On the Cult of Free

I bet every reader of this blog has been asked to work for free. Certainly you’ve been asked to do it for insanely cheap, but I’m betting “free” has come up at least once in your career. There are usually three contexts for this.

First, you get the client who has no budget or is a not-for-profit. This client tugs at your heartstrings with pleas of “we can’t afford to pay” or “everyone is donating their efforts for this worthy cause” or even “we’re a start-up and if we hit, then we’ll pay you on shoots–we’ll remember–just help us out!”
I’ve always advised that if you want to donate because you want to donate (and this does not apply to the start-ups), go ahead and give of yourself; but, if you are only agreeing to do it out of guilt, do not do it.

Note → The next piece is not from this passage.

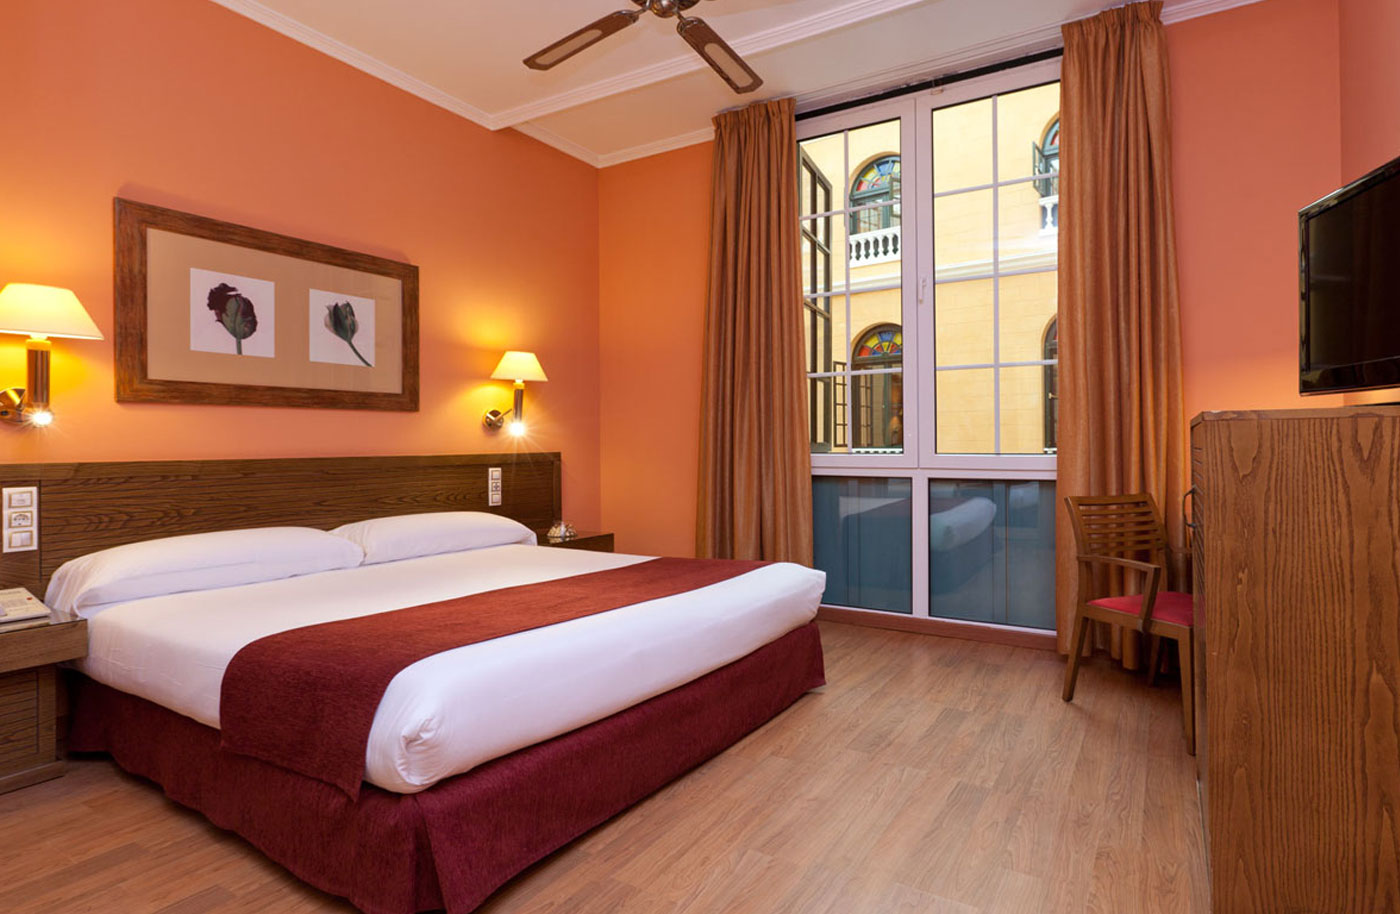 Rooms senator c diz spa hotel official website for Habitaciones para hoteles

The second group are the really evil bastards who act like they are doing you a favor for giving you the opportunity to work for them. Think of the publicity! You will be connected with this person/entity in the public’s eye! Lucky you!
Never, ever fall for this. They are making you their bitch from the very get-go and you will never, ever get the slightest respect, or money, from these people, no matter how sweetly they put it. It is never worth it.

The third group are the ones who seem oblivious to the fact that this is your business, that you have to make money, and sometimes they are even shocked that you would expect to get paid or get paid anything near what your rate is. Often, this is the result of the erosion of the apparent value of the service you are providing because others have given it away for free or very cheaply.
Here, just say “no.” You can try to educate them, but likely this client is looking for free or very cheap and really doesn’t care at all about your actual value. Walk politely away.

In my business, I get a bit of number 1, almost no number 2 (with one huge exception), and a whole lot of number 3. I get emails all the time from photographers who want me to review their portfolios or websites and when I say “it’ll cost $X” they act stunned. These days, there are a ton of consultants and photographer service providers who offer free out the yin-yang, and that makes it more difficult for me when I quote my rates.

Y’all have the same problem. Because there are so many photographers who will do it for a credit line or for cheap, the rates have been depressed. You have to face that as I mentioned in the post from a few days ago. Like me, you have to find a way to differentiate yourself from the hoards. For you, that way is by making unique work. If your work isn’t like anyone else’s, you’ll be the go-to person for that work.

For me, I seem to have picked a perfect time to go to law school to add that to my quiver. I’m the only consultant/lawyer that I know of.

See, here’s the thing about the cult of free: it’s fading. As the economy continues to swirl the bowl more and more regular people are commenting on how people cannot make a living. They get it. People understand that things cost money. The Long Tail is the emperor’s new clothes (see this, and this, and most of all this) in the real world where products we buy, like groceries, actually cost money.

So while we’re still in a tough place and we all have to deal with the schmoes who want it for free or next to free, none of us are alone in it and, I think, it’s getting better.

At least I hope so, because I can’t pay my rent with only good press either. 😉

9 Replies to “On the Cult of Free”

  1. A couple of summers ago, I was asked to share photos of a local event with an economic development organization.

    I told the person making the request that I’d be happy to license my photos for a fee. And I was told that the organization had no budget for such a thing.

    Well, wouldn’t you know it, a few weeks later, a local paper ran a story on this organization. You know what their annual budget was? $1.5 million!

    But, for some reason, they couldn’t pop for a few hundred bucks to license my photos for their use. Screw ’em.

  2. Yes. I am seeing it in a lot of previous ‘free’ online tools and such as well. Free doesn’t work, but it lowers the bar for the other players. As a rising tide raises all boats, a low tide depresses them all as well.

  3. The best I’ve heard of is PDN publishing a photographer’s guide to Chicago and asking Chicago photographers to contribute their work, for publication in PDN, for free. If PDN doesn’t get it, that photographers have to be paid for publication, then who will?

  4. My favorite quote from a guy I do business with regularly,

    “If I charge too much, I’ll lose YOUR business.
    If I charge too little, I’ll lose MY business”

  5. You write better than I do, but I really have to pipe up on that one.

    A “horde” is a large group of *people.* (Or, theoretically, other animals.)

    A “hoard” is a large store of *things.* One could, theoretically, hoard people, but it would require a big cage or something.

    “A horde of inexperienced photographers has created a hoard of underpriced imagery on microstock sites,” one might say. 🙂 One must avoid contributing to the hoard and distinguish one’s self from the horde.